Battaristis amphiscolia

Scientific classification
- Domain: Eukaryota
- Kingdom: Animalia
- Phylum: Arthropoda
- Class: Insecta
- Order: Lepidoptera
- Family: Gelechiidae
- Genus: Battaristis
- Species: B. amphiscolia
- Binomial name: Battaristis amphiscolia Meyrick, 1914

= Battaristis amphiscolia =

- Authority: Meyrick, 1914

Species of moth

Battaristis amphiscolia is a moth of the family Gelechiidae. It was described by Edward Meyrick in 1914. It is found in Guyana.
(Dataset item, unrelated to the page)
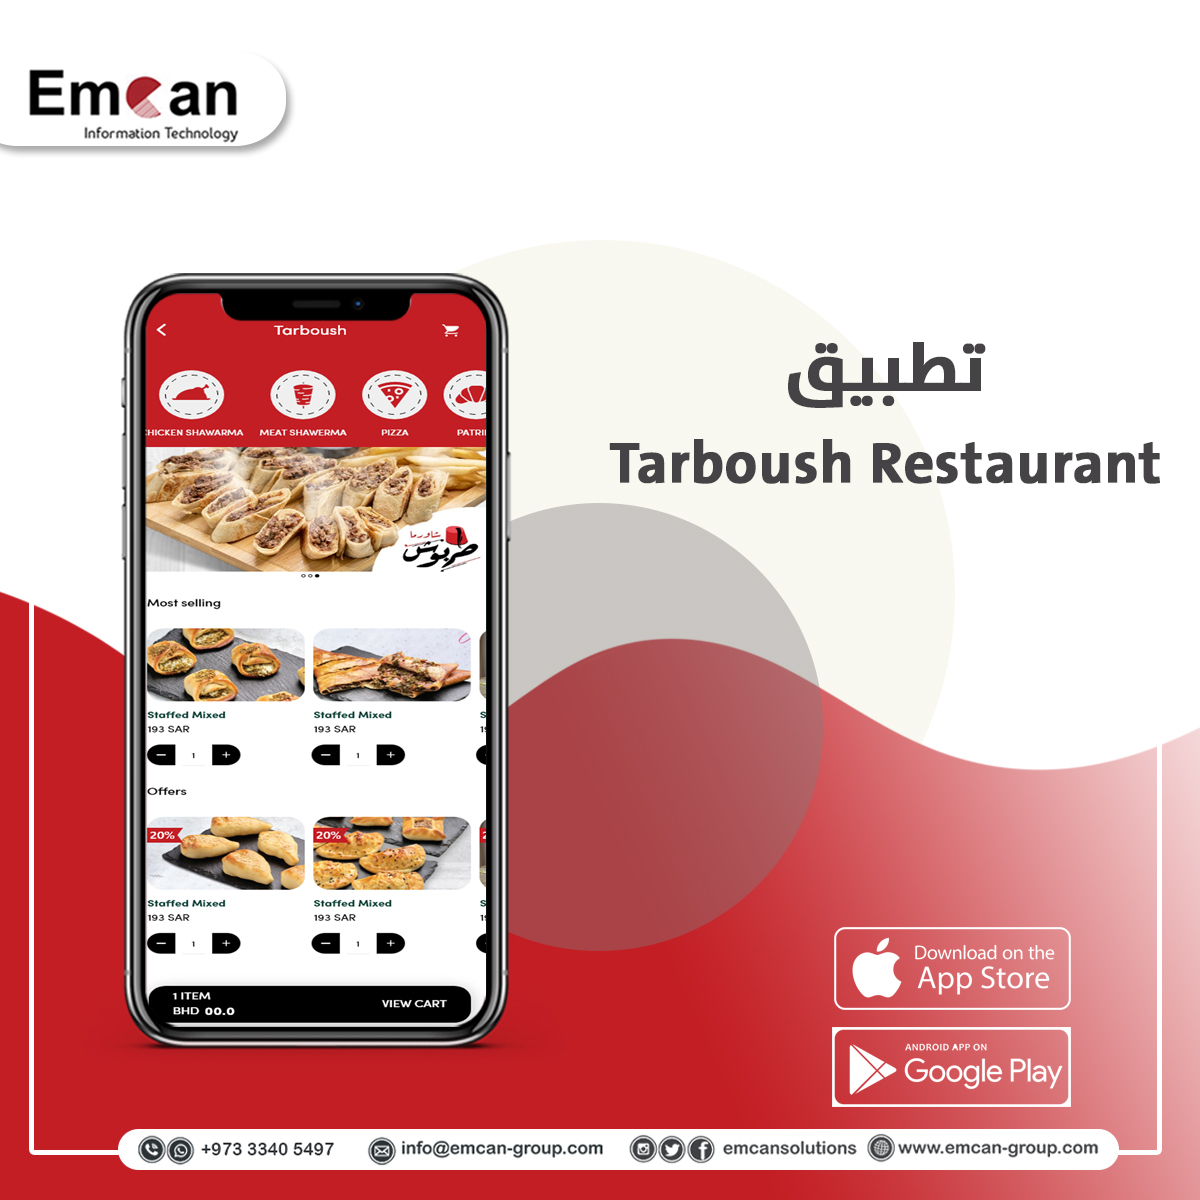 Tarboush Restaurant

The wingspan is 9–10 mm. The forewings are fuscous, greyer towards the costa anteriorly. The plical and second discal stigmata are sometimes obscurely indicated. There is a thick blackish streak along the costa from before the middle to near the apex attenuated anteriorly, cut by a very oblique fine white strigula from beyond the middle. There is also a fine white subterminal line from four-fifths of the costa to the tornus, acutely angulated in the middle and nearly reaching the termen beneath the apex, both portions curved inwards, the angle just cut by a fine black dash preceding it. The terminal space beyond this is irrorated (sprinkled) with whitish, the apical edge ochreous whitish. The hindwings are dark fuscous.